In the Bleacher Report's power ranking of the top 25 college marching band pregames shows and traditions, the Cal Band was named 9th (of 25) as having a show that "beckons [the] former glory days, full of school songs and traditional formations" and is "a stand-alone classic".

==Instrumentation==
The Cal Band uses a fairly standard military band instrumentation with piccolos, clarinets, alto saxophones, tenor saxophones, trumpets, mellophones, trombones, baritones, sousaphones, glockenspiels, snare drums, tenor drums, bass drums, and cymbals.

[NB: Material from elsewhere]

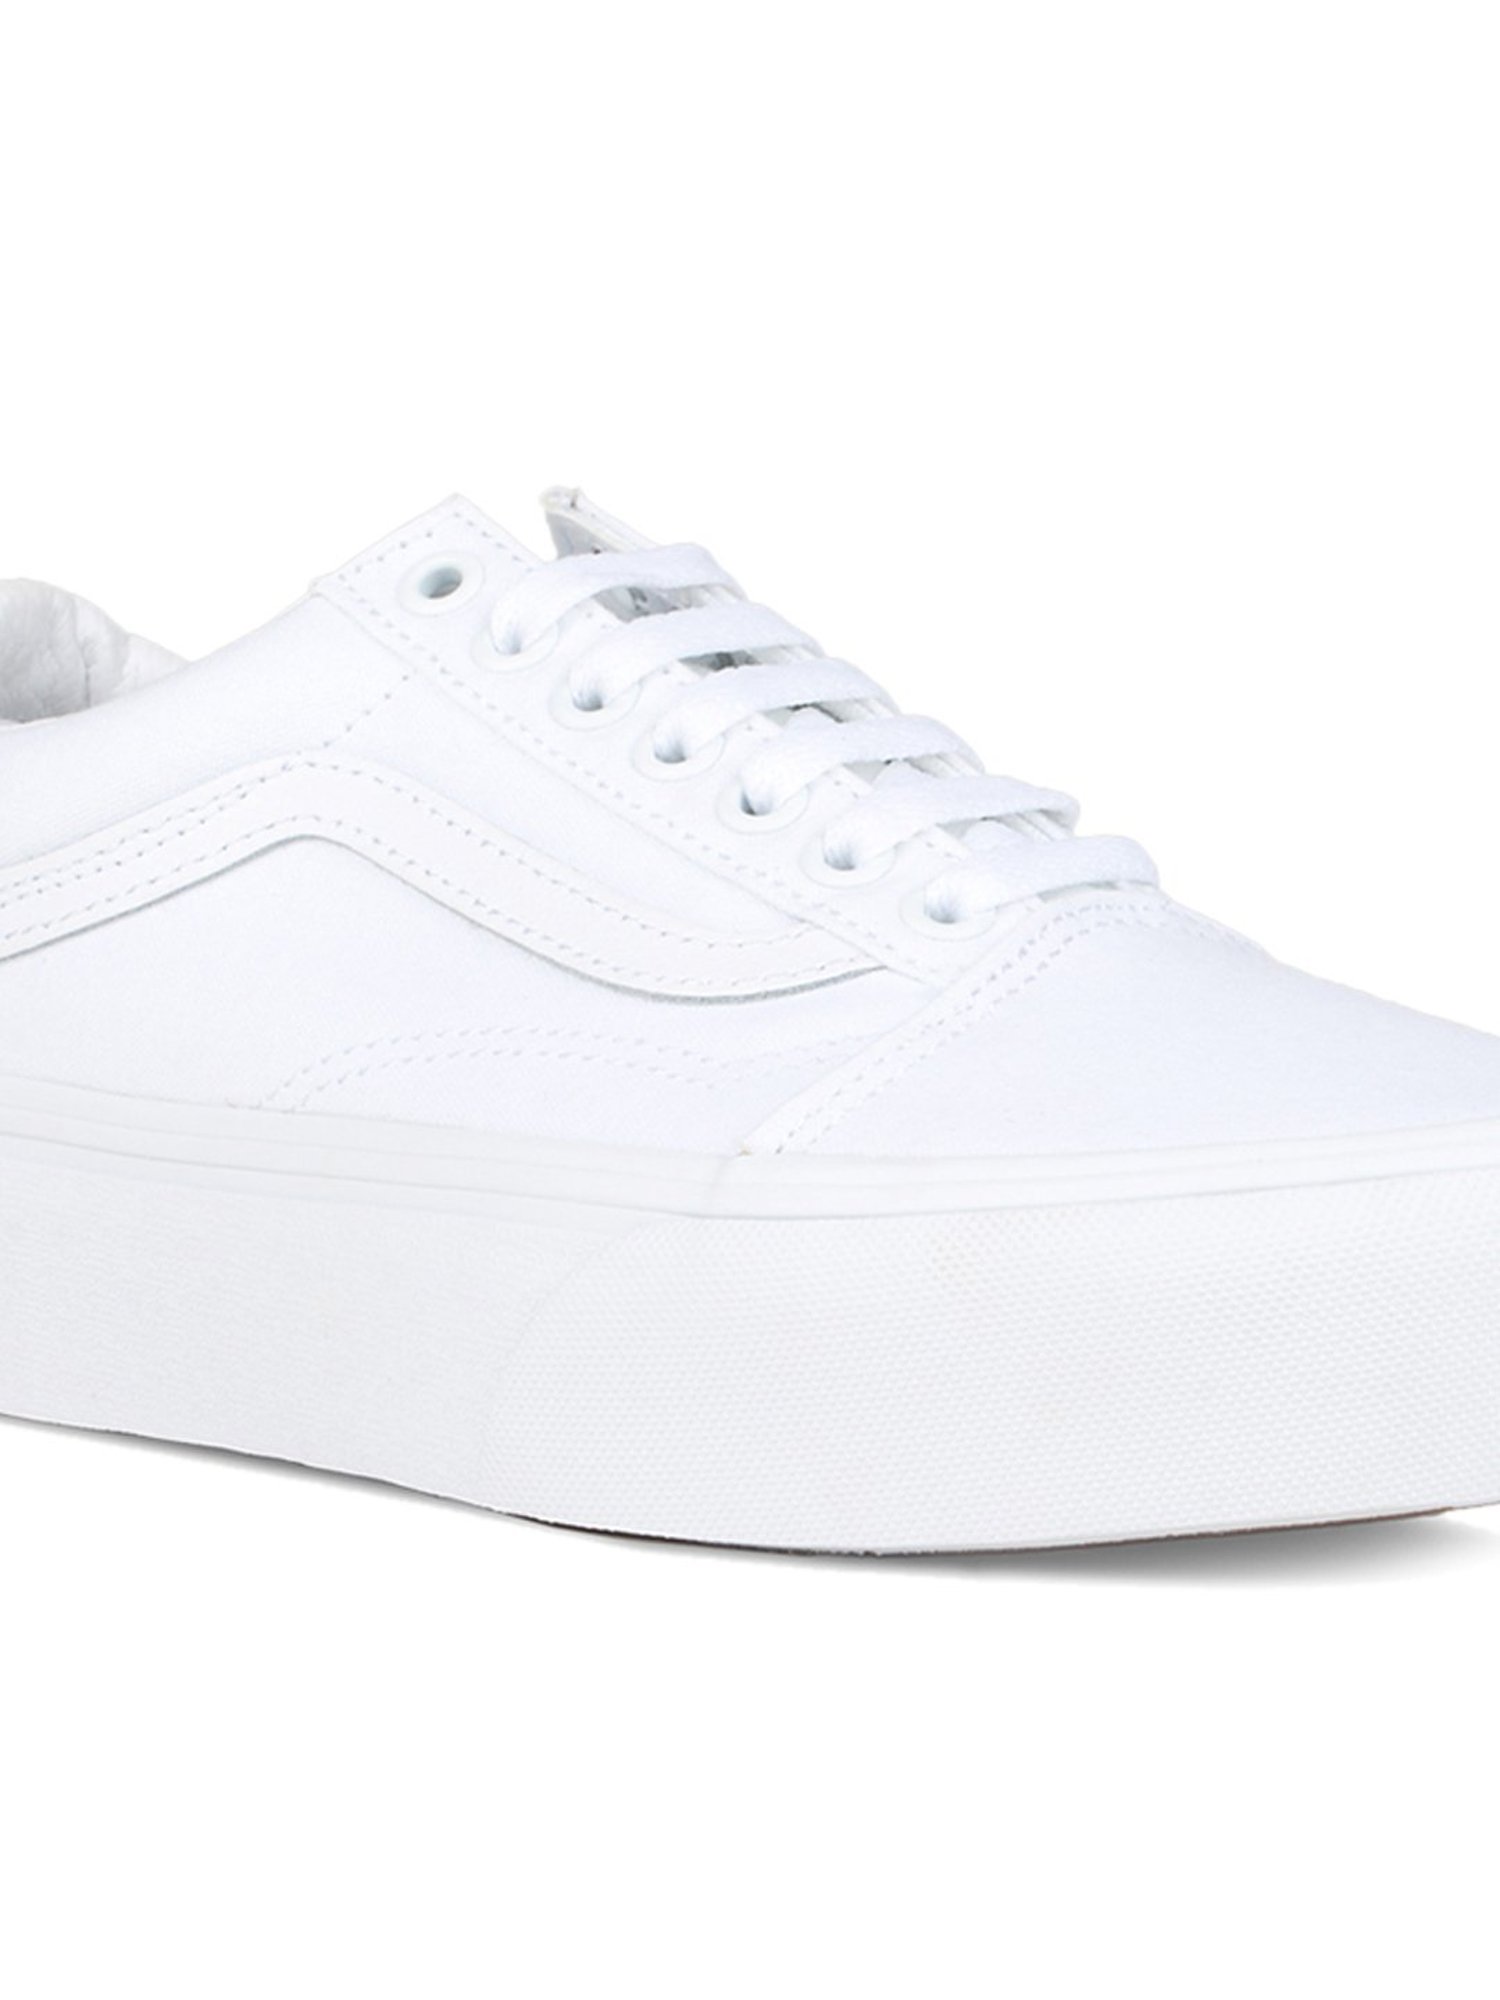 Buy Vans Old Skool White Sneakers

==California Alumni Band==
The California Alumni Band, usually shorted to Cal Alumni Band, is a marching band consisting of former Cal Band members. It was originally founded by Herb Towler, Dave Wenrich and Dick Auslen. The Cal Alumni Band is run by the non-profit Cal Band Alumni Association and is a subset of the Cal Alumni Association, an organization that handles alumni affairs of the University of California, Berkeley.

The Cal Alumni Band performs at various events such as: San Francisco AIDS Walk, Alumni Band Day, the Fourth of July Parade in Sausalito, California, Cal Basketball Games, and many other performances in the San Francisco Bay Area and across California.